New York-based artist Heidi Snow explores obscure histories, deciphering in relics such as fanciful costumes and various forms of documentation, lost chapters in the history of fashion. Through sculptures, photographs and drawings, her work examines the ways in which women's fashion in particular has contributed to the exaggeration, distortion, and fetishisation of the female body according to the cultural fantasies and perversions of a given historical moment.
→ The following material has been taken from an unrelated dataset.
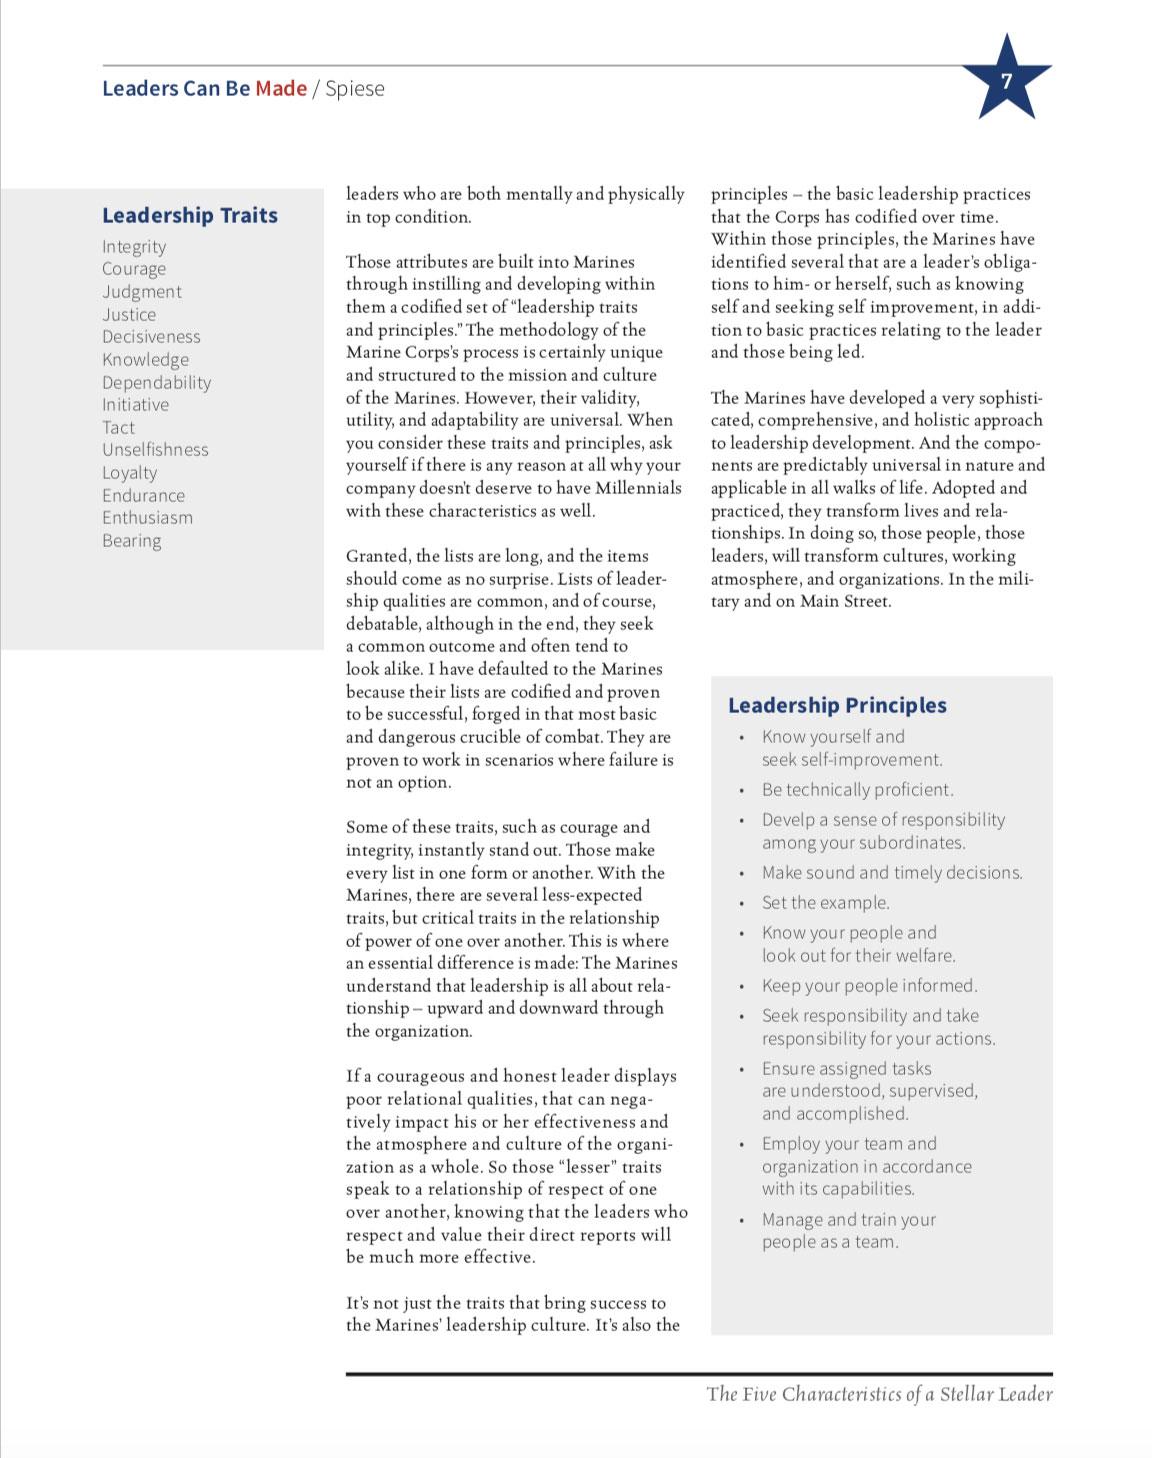 LCBM_eBook-page7.jpg

Also based in New York, Hannah Whitaker's photographs are the results of unwieldy experimental systems allowed to unfold. They start with organising principles ranging from visual patterning to repetitive motions, to mathematics. They present a kind of overt rationale represented visually by a grid or geometric pattern – which is then undermined by mistakes, randomness, imperfection and messiness. Recently Whitaker has made use of hand-made screens and other experimental in-camera techniques in order to layer different visual languages within a single image, placing the geometric alongside the photographic. The images depict a range of subjects, often with loaded histories – such as an ancient Greek marble quarry or a Hawaiian volcano – so that each image has a dual function as both twodimensional image and gatekeeper of a larger narrative.
Kevin Moore is the author of Starburst: Color Photography in America 1970-1980 (Cincinnati Art Museum/Hatje Cantz, 2010) and Jacques Henri Lartigue: The Invention of an Artist (Princeton University Press, 2004), and a contributing author to Robert Heinecken (Ridinghouse, 2012) and Words Without Pictures (LACMA/Aperture, 2009).